Essentially, it breaks down like this:

R = 4 (read)  W = 2 (write)  X = 1 (execute)  

So, read permissions only would be 4, read and write would be 6, read and execute would be 5, and all (read, write, execute) is 7. This is how you compute a permission octet value for an owner, owner's group, or everyone.

When applying those permissions with chmod to a file or directory location, the numbers computed above are applied like this, with an octet each for owner, group, and everyone:

     $ chmod _ _ _ <file or directory>               | | |  owner--------  | |  owner's group--  |  everyone---------  

So if I wanted to give myself and my group read, write and execute permissions to a folder that I owned, but I didn't want everyone to even be able to read it, I'd use:

$ chmod 770 myDirectory  

For more information, check the man page for chmod:

$ man chmod  


Solution:3

As others have mentioned you should not have permissions set to 777

Here's a helpful reference sheet that i use.

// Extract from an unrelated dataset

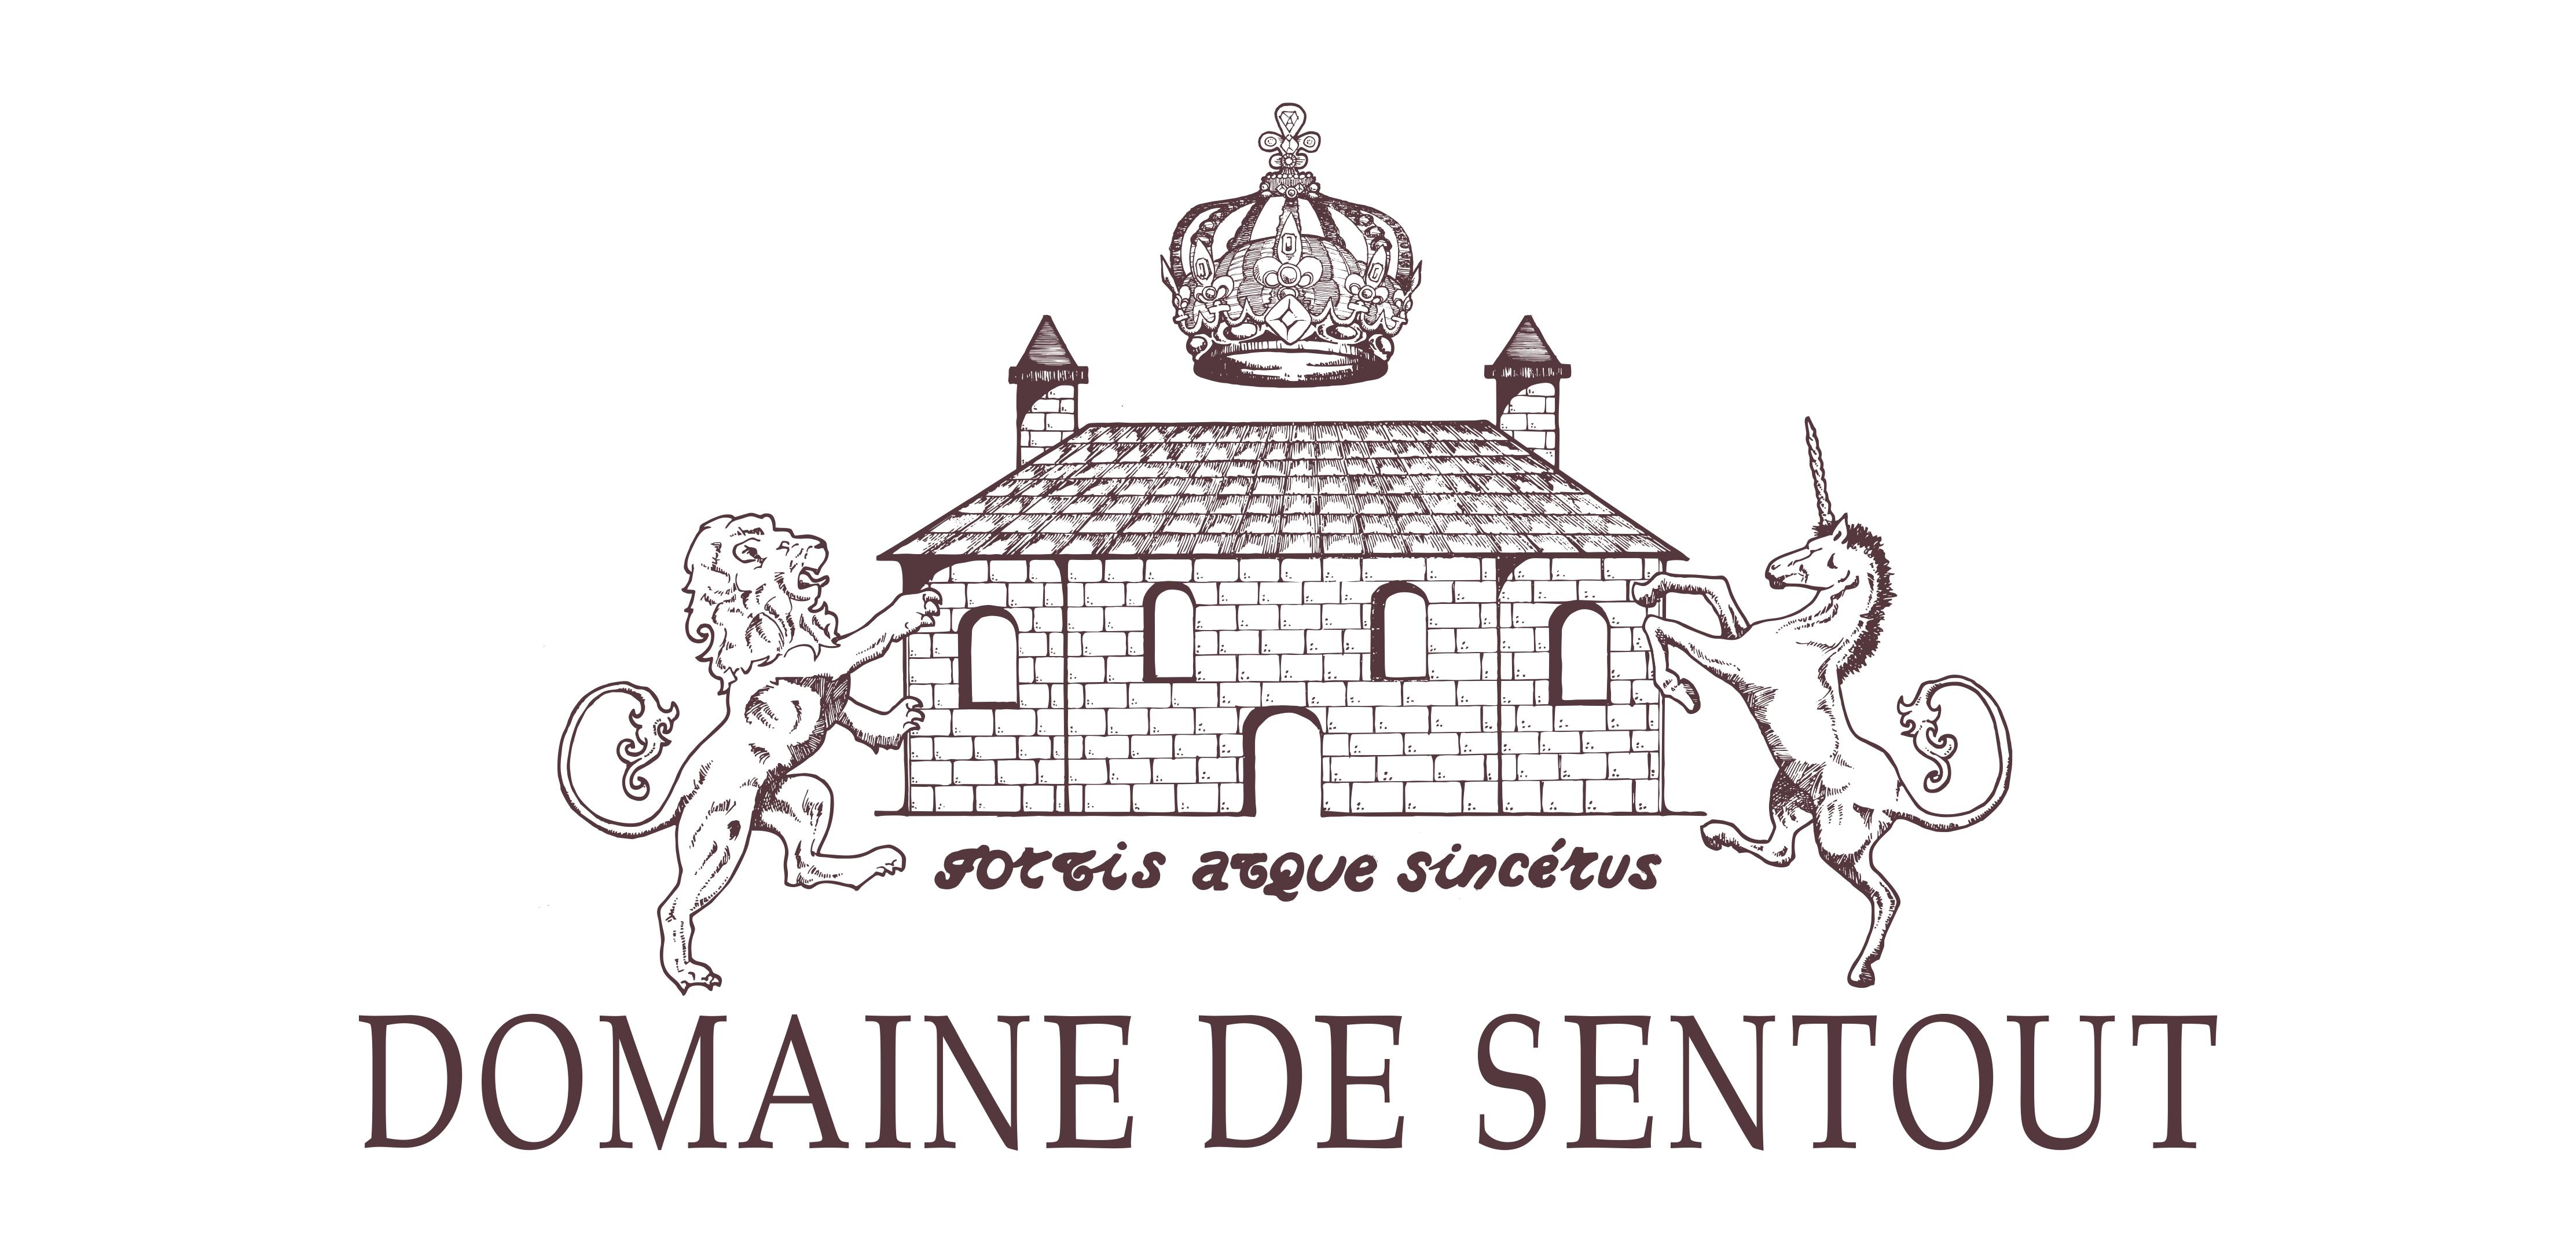 Domaine de Sentout

+-----+---+--------------------------+  | rwx | 7 | Read, write and execute  |  | rw- | 6 | Read, write              |  | r-x | 5 | Read, and execute        |  | r-- | 4 | Read,                    |  | -wx | 3 | Write and execute        |  | -w- | 2 | Write                    |  | --x | 1 | Execute                  |  | --- | 0 | no permissions           |  +------------------------------------+  You can use the octal notation, where the three digits correspond to the user, then group, then other.   Perhaps this might help   +------------+------+-------+  | Permission | Octal| Field |  +------------+------+-------+  | rwx------  | 700  | User  |  | ---rwx---  | 070  | Group |  | ------rwx  | 007  | Other |  +------------+------+-------+  


Solution:4

In order to share files with a person you gave a login to, you don't need to do anything in particular. On a default Debian installation, users have access to each others' home directories.

For instance,

$ ls -ld ~  drwxr-xr-x 65 zwets zwets 4096 Sep 29 12:06 /home/zwets  

Permissions on my home directory are read (r) and access (x) for any user on my system. Only I additionally have write (w) access.

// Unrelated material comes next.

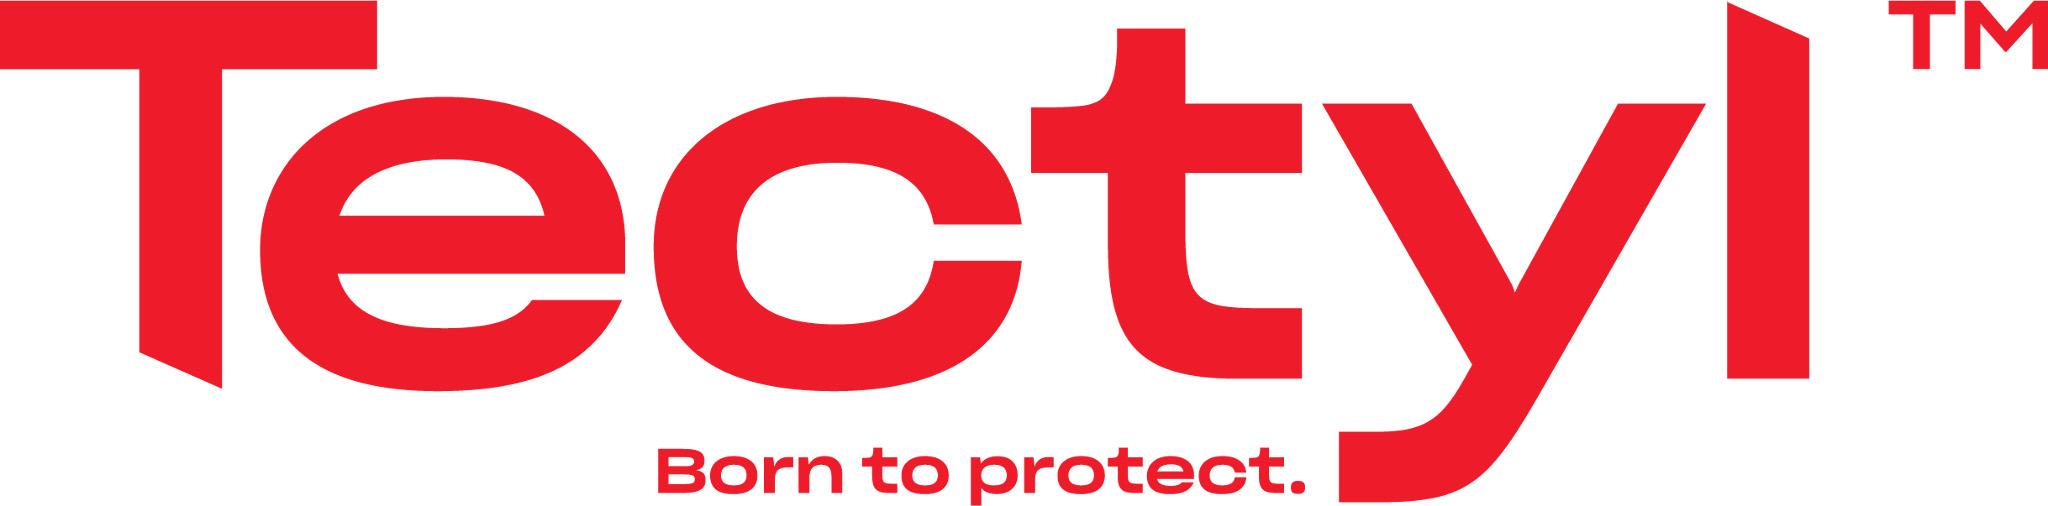 EU_0363_New_Tectyl-Logo_6-2.jpg

Also, the default umask on Ubuntu is such that files and directories that users create are world readable by default. You could set the umask to 077 if you didn't want that.

What this means that in a default setup, if user you wants to share document ~/README.txt with me, then there's nothing you needs to do. I can simply view it:

$ who am i  zwets    pts/26       2016-09-29 08:05 (:pts/19:S.6)  $ ls -l ~you/README.txt  -rw-r--r-- 1 you you 24 Sep  8 11:23 /home/you/README.txt  $ cat ~you/README.txt  You's shared thoughts.  

I can't edit or remove the file, but I can copy it to a location where I have write permission. Then I own the copy:

$ echo "Adding my thoughts." >> ~you/README.txt  bash: /home/you/README.txt: Permission denied  $ rm ~you/README.txt  rm: remove write-protected regular file '/home/you/README.txt'? yeah!  rm: cannot remove '/home/you/README.txt': Permission denied  $ cp ~you/README.txt ~zwets  $ ls -l ~/README.txt  -rw-r--r-- 1 zwets zwets 24 Sep  29 14:09 /home/zwets/README.txt  

There are good reasons why most of the system is world readable by default, as I've explained in another answer on AskUbuntu. However, on a shared system it may make sense to make home directories inaccessible to non-owners:

$ chmod o-rwx ~  $ ls -l ~  drwxr-x--- 65 zwets zwets 4096 Sep 29 12:06 /home/zwets  

... as many users apparently aren't aware of the default - QED ;-). It would be wiser though to make users aware that file permissions don't protect secrets.


Solution:5

In Ubuntu, any user has superuser privilege who are added in the group 'sudo', Please check it to ensure that no other user are added in this group.

To secure your files and directory from other users you can set permission as suggested by Mr. Journeyman Geek in above answer.

You can also use special permissions to secure your files and directories from others.